Das ist jedoch der Smith-Trick: die Ränder irritieren, die Mitte leicht rühren. Gloria—Smiths viertes Studioalbum — ist ein ähnlich mildes Statement. Viele der Songs sind Mid-Tempo-Kost, die verschiedene Radiomodeerscheinungen der letzten 10 Jahre wiederverwertet: Tropical Pop, Nu Disco, R&B im The Weeknd-Stil. Smith keucht und keucht über Lust und Befreiung, und ein Track zeigt RuPauls berühmten Slogan: „Wenn du dich selbst nicht lieben kannst, wie zum Teufel wirst du dann jemand anderen lieben?“ Niemand, der in den letzten Jahren während eines Pride-Monats T-Shirts bei Target durchstöbert hat, wird davon umgehauen sein. Aber wer kann in einer Zeit des Anti-Queer-Rückschlags in den USA und im Ausland daran zweifeln, dass einige Zuhörer Smiths Musik weiterhin als Lebensader ansehen werden?

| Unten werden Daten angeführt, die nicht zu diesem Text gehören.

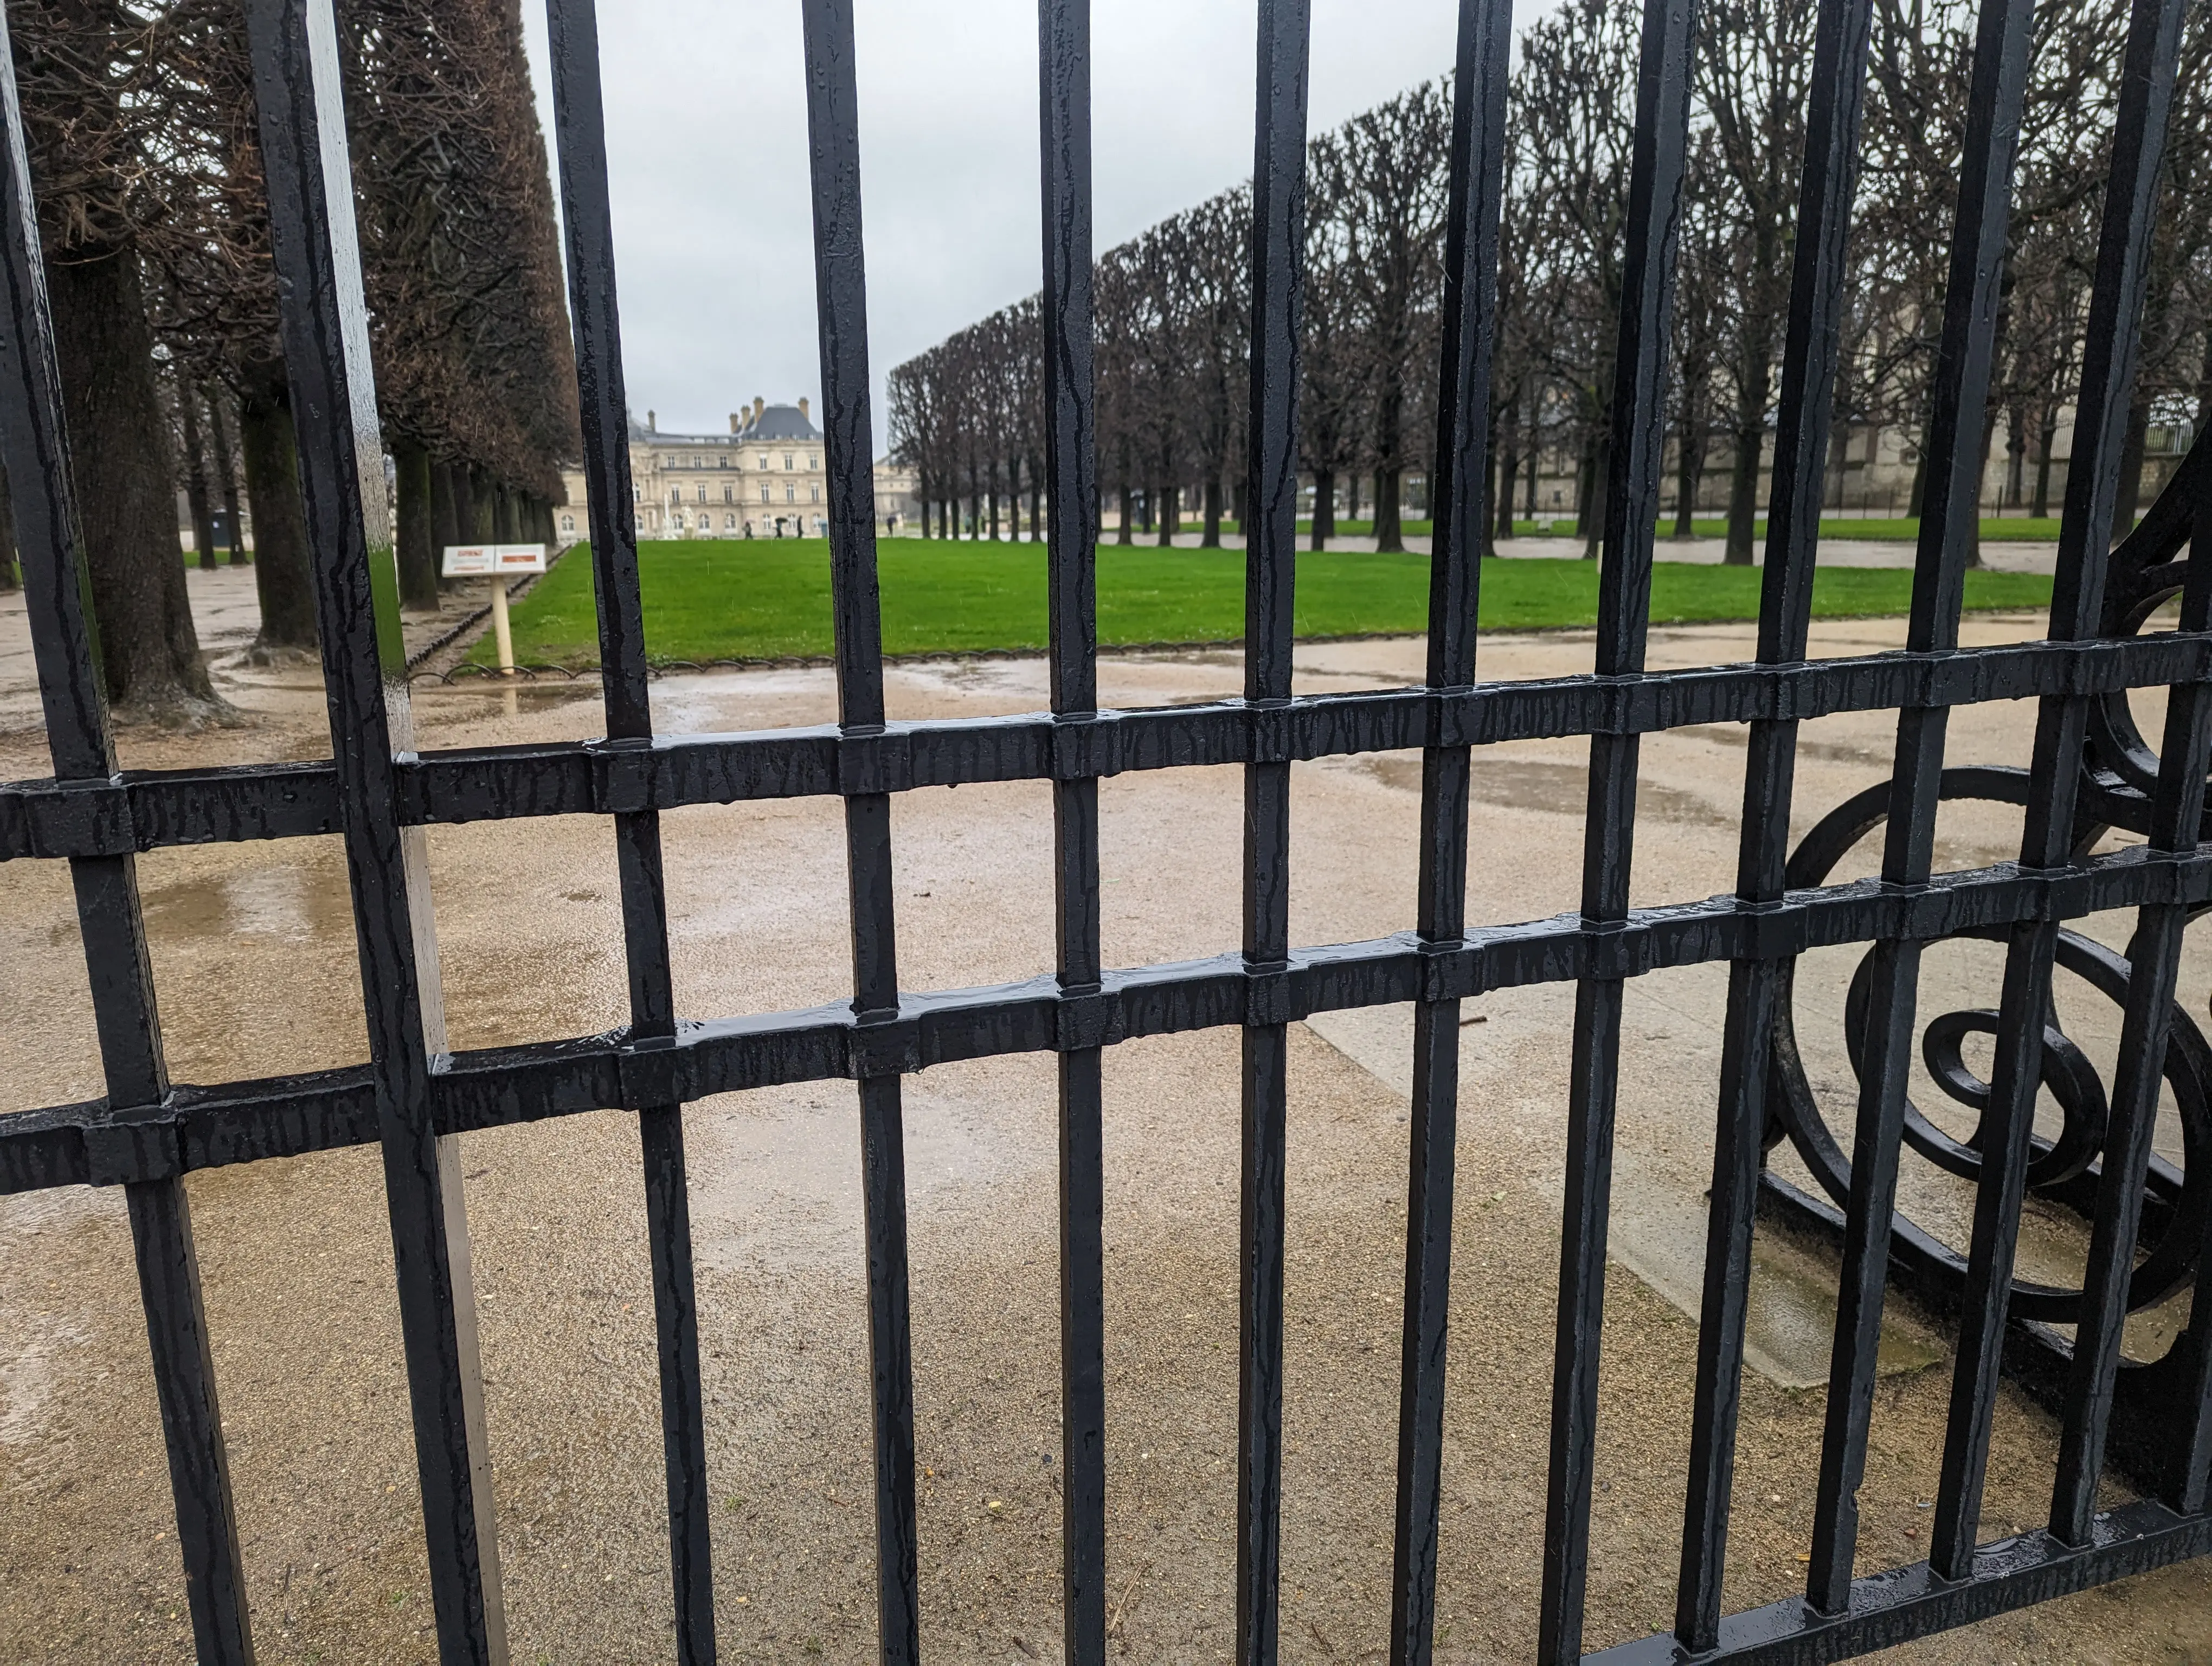 The Luxembourg Gardens, where the album cover for Tame Impala’s Lonerism was taken

Vielleicht der beste Song auf Gloria ist das letzte und saftigste, ein Duett mit Sheeran, genannt „Who We Love“. Mit einer sanften Melodie, die sich wie Meditationsatmung bewegt, zaubert der Track einen stark sentimentalen Zauber. Sheerans Vers bezieht sich auf die bekannteste Art von glücklich bis ans Lebensende: eine Hochzeit. Smith entwirft derweil einen bescheideneren Traum, den viele queere Menschen immer noch nicht als selbstverständlich ansehen können: „Händchenhalten auf der Straße, kein Grund, diskret zu sein.“ Vielleicht werden sich die Zuhörer in einigen Jahren, wenn das Lied über die Food Courts und Schultänze einer aufgeklärteren Ära schwebt, fragen, über welches Bedürfnis nach Diskretion Smith gesungen hat. Oder vielleicht merken sie nichts von dem Lied, außer dass es angenehm war.